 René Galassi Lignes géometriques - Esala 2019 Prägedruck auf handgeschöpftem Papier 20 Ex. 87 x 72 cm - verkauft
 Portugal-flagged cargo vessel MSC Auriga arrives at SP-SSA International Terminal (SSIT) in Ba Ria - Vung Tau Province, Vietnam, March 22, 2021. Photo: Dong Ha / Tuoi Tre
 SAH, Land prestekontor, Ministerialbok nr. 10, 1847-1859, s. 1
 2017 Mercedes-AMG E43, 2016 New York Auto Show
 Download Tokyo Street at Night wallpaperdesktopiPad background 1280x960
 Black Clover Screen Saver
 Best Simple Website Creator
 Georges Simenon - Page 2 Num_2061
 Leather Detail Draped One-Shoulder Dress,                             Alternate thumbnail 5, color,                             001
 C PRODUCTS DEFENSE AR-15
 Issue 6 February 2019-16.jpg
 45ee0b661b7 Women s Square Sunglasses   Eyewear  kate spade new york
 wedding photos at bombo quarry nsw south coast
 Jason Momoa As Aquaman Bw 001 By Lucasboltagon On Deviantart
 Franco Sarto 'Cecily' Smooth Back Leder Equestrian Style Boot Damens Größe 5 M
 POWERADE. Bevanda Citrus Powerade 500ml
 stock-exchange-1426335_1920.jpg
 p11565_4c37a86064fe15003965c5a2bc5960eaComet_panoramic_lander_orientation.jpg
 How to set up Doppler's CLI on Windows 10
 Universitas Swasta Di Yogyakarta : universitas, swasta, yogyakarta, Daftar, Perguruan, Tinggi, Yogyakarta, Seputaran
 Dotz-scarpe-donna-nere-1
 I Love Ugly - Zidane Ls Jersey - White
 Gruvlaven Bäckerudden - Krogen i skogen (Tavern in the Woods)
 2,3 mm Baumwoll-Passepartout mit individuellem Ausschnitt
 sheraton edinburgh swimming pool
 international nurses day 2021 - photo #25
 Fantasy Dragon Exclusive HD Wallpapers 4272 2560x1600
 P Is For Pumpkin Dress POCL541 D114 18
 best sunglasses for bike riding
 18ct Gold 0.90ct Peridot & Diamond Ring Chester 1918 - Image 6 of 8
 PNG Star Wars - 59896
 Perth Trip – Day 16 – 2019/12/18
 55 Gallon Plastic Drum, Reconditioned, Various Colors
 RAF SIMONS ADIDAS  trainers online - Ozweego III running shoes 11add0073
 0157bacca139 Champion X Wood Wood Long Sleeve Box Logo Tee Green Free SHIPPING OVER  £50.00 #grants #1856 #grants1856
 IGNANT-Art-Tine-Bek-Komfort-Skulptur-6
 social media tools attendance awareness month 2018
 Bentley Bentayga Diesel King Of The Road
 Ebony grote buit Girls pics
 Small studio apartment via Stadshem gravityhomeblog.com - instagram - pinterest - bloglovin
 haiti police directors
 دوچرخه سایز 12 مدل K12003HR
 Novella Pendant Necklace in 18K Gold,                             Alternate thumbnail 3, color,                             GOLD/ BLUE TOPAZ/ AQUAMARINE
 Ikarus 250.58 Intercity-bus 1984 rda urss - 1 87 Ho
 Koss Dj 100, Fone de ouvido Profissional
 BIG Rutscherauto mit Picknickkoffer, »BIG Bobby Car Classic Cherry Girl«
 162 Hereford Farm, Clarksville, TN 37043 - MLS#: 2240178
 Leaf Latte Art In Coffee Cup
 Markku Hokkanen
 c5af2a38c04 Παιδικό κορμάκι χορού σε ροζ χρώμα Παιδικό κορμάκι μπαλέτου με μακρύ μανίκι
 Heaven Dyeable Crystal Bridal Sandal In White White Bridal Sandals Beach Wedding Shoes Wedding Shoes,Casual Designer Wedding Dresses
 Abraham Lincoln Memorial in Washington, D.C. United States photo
########################################
→ **EXERCISE**
Using the records above, write out exactly the lines between the one holding "wedding photos at" and the one holding "best sunglasses for bike riding", inclusive; leave everything else out.

→ **RESPONSE**
 wedding photos at bombo quarry nsw south coast
 Jason Momoa As Aquaman Bw 001 By Lucasboltagon On Deviantart
 Franco Sarto 'Cecily' Smooth Back Leder Equestrian Style Boot Damens Größe 5 M
 POWERADE. Bevanda Citrus Powerade 500ml
 stock-exchange-1426335_1920.jpg
 p11565_4c37a86064fe15003965c5a2bc5960eaComet_panoramic_lander_orientation.jpg
 How to set up Doppler's CLI on Windows 10
 Universitas Swasta Di Yogyakarta : universitas, swasta, yogyakarta, Daftar, Perguruan, Tinggi, Yogyakarta, Seputaran
 Dotz-scarpe-donna-nere-1
 I Love Ugly - Zidane Ls Jersey - White
 Gruvlaven Bäckerudden - Krogen i skogen (Tavern in the Woods)
 2,3 mm Baumwoll-Passepartout mit individuellem Ausschnitt
 sheraton edinburgh swimming pool
 international nurses day 2021 - photo #25
 Fantasy Dragon Exclusive HD Wallpapers 4272 2560x1600
 P Is For Pumpkin Dress POCL541 D114 18
 best sunglasses for bike riding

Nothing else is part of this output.